# gibson j 29



## jimmy c g (Jan 1, 2008)

I snagged a j 29 last year (nos 2014) and find it super easy to play and love the rosewood, the price was unreal.Im wondering if others here have one and how you like it? Is it a rosewood j45 in disguise? Interested in your experiences Jim


----------



## wayne_h (Oct 28, 2009)

I recently acquired a HP 415 CEX which looks to be a similar model. Agree with your comments. I wanted it mainly for the shorter scale, very happy with it.


----------



## Steadfastly (Nov 14, 2008)

They are two different guitars. Here are a few opinions for your perusal.

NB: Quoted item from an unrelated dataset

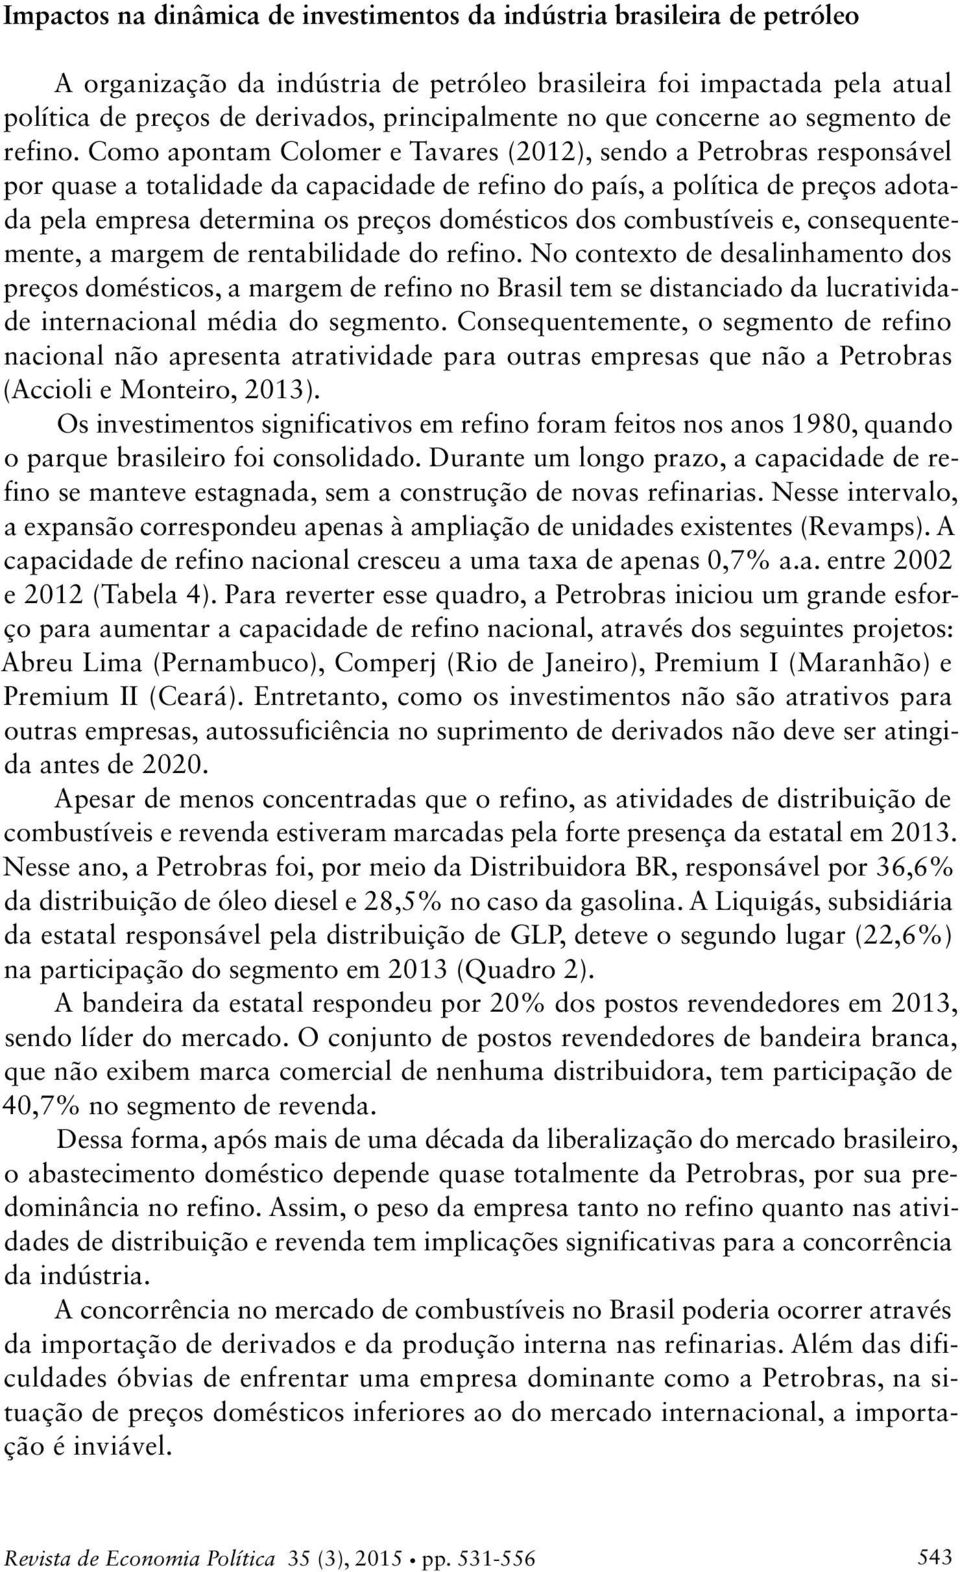 Como apontam Colomer e Tavares (212), sendo a Petrobras responsável por quase a totalidade da capacidade de refino do país, a política de preços adotada pela empresa determina os preços domésticos

Need help deciding, J29 or J45 - The Acoustic Guitar Forum


----------



## jimmy c g (Jan 1, 2008)

thanks for the link,, was wondering if any other canucks had one and how they liked it cheers j


----------



## Morkolo (Dec 9, 2010)

A salesman put one in my hands a couple of years ago when I was looking for a new D28 and it was nice. I preferred the J45 Custom (rosewood) hanging alongside of it though, the 29 seemed brighter and had what I thought was a really tight top. My Advanced Jumbo was the same way when it was brand new but with a bit of playing it's opened up nicely. Maybe it's the forward shifted bracing versus the standard bracing on the Custom that makes the difference, I don't know for sure. I wouldn't turn down either one at the right price.


----------